Cyanide is considered as one of the most cost-effective methods to extract bits of gold. It is faster and more effective at extracting gold than mercury amalgamation [7]. The process involves dissolution of gold from the ore in a dilute cyanide solution and extraction of the gold in a

complex in the presence of lime and oxygen [6]. On the other hand, it is known that cyanide is a very fast-acting poison [32]. If cyanide is properly manufactured, handled and used, it does not pose a risk to human health or the environment. However, ASG miners use cyanide with minimal personal protection [6,7]. In one study on cyanide exposure in a gold mining community, in the Philippines, 35% subject respondents had elevated blood cyanide level and the adverse health symptoms [7]. The study of environmental impacts of gold mining in Essakane site (Burkina Faso) showed that the artisanal miners in the area are predominantly illiterate and do not have enough knowledge about the effects of chemicals such as mercury and cyanide [3]. Thus, to reduce the adverse effects of ASSM on the health of mining communities and the environment, among others, it is recommended better education of the risks as well as simple controls to reduce exposure [4].

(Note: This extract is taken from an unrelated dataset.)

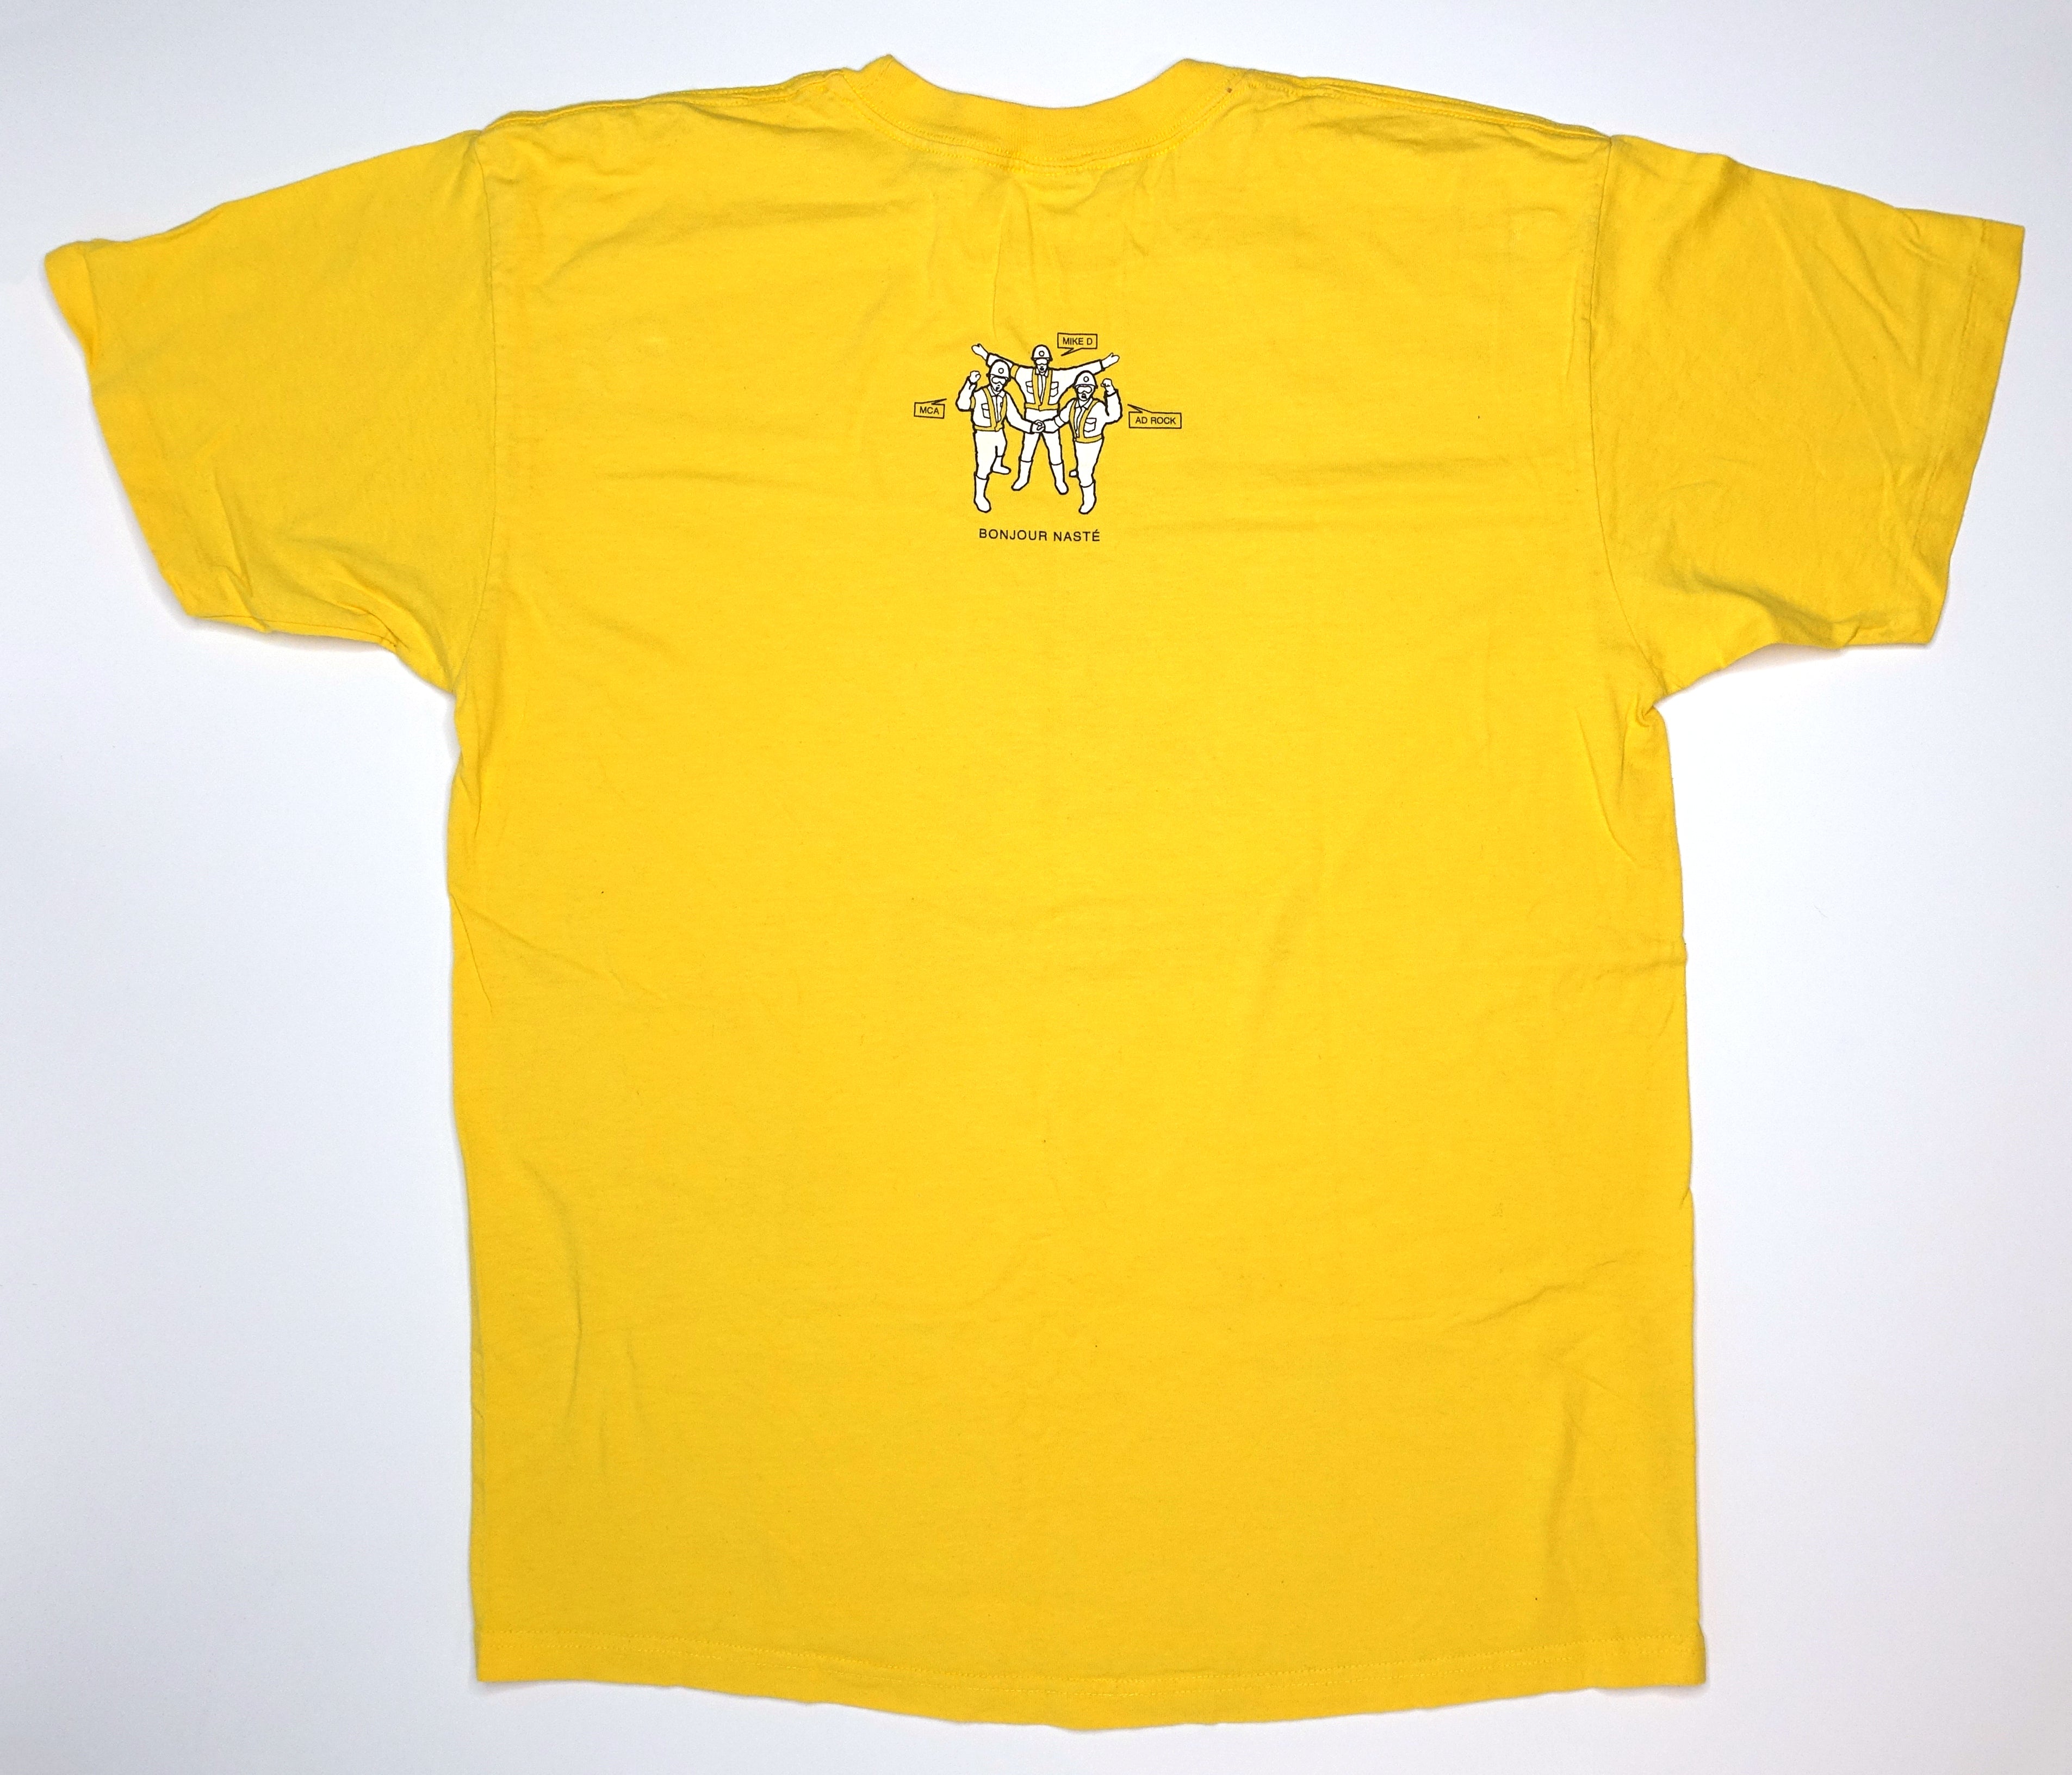 Beastie Boys - In The Round Hello Nasty 1998 Tour Shirt Size XL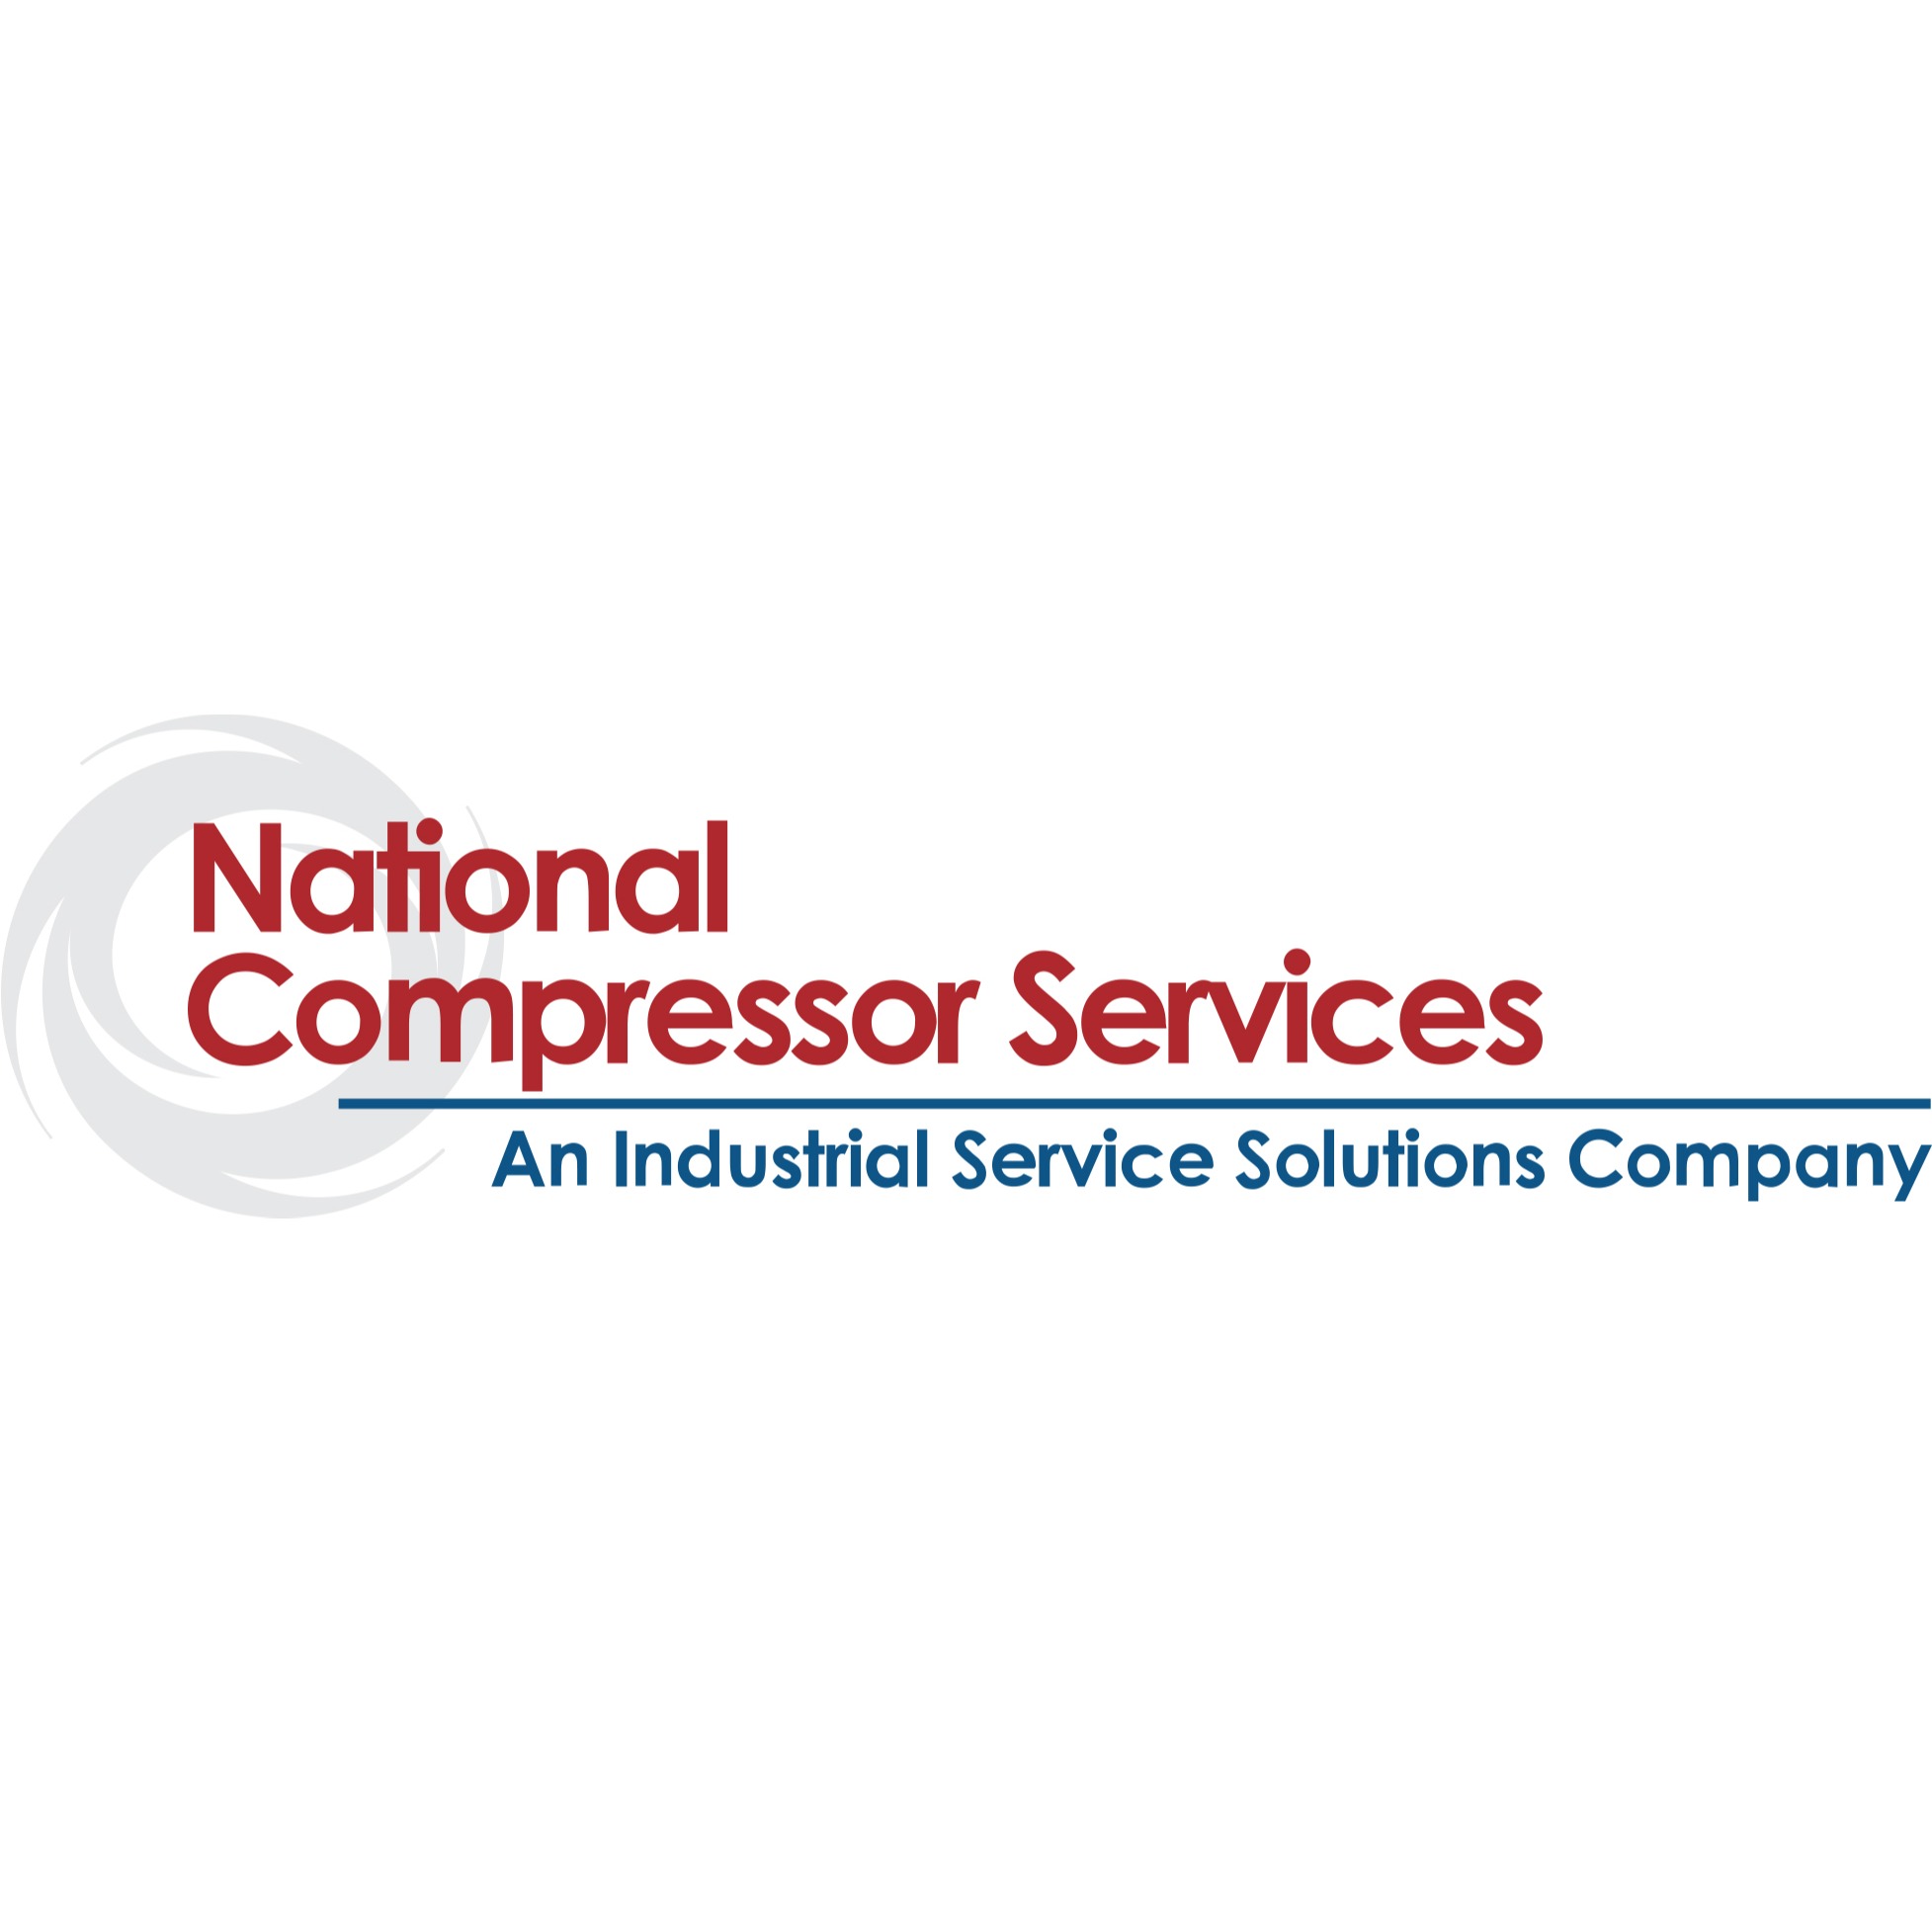 National Compressor Services

In addition to Hg, ASGM sites are commonly associated with high levels of the toxic heavy metals such as arsenic (As), cadmium (Cd) and lead (Pb) [4, 19]. Mentioned metallic elements can cause adverse health effect in humans even at exposure to low concentrations. They are classified as human carcinogens according to the U.S. Environmental Protection Agency, and the International Agency for Research on Cancer [33]. In the study conducted in Bolivian Andes, in an area of ASGM operations, arsenic concentrations in soil were 3-4 orders of magnitude above background levels [4]. There is also evidence the arsenic contamination of the biotic and abiotic samples in proximity to mining sites [34]. Gold deposits frequently contain various forms of arsenic: arsenides, sulfides, and sulfosalts. Arsenic sources associated with gold mining include waste rocks, residual water from ore concentrations, roasting of some types of gold-containing ores to remove sulfur and sulfur oxides, and bacterially enhanced leaching [34]. Arsenic may be mobilized in aqueous environments where cyanide has been used to leach gold ores [35]. It has been noted that gold miners may have a number of health problems associated with arsenic, such as increased mortality from lung, stomach and respiratory tract cancer [34].

Mining activities such as rock drilling and related milling operations generate copious amounts of dust, which is mainly contain of crystalline silica. In particular, ASG miners are exposed to the crystalline silica dust. In the process of the separating the gold from the other minerals, when ASG miners crush and grind the ore manually, crystalline silica dust is released into the air. Exposure to dust is an important risk factor for many respiratory diseases. Constant exposure to silica dust can cause silicosis and significantly contribute to tuberculosis incidence rates in mining communities [3,6].

2.2. LSGM and associated hazards

The LSGM possess detrimental effects on the environment, due to their continued use of modern, sophisticated machinery and harmful chemicals, as well as extended blasting levels [1]. The research conducted on a single large-scale mining company in Ghana have been shown that large-scale gold mining operations threaten the environment. The study discovered the air pollution, noise pollution (due noise several species of animals migrated to favorable environments), deforestation. The LSGM have also caused excessive damage to the lands/soil of mining communities within mining area. It has been shown that agricultural land as well as forest reserves were reduced. The rivers and streams in the closeness to mining pits were greatly polluted by mine wastewater drainage and heavy run-off from the waste rocks at mining pit. [1].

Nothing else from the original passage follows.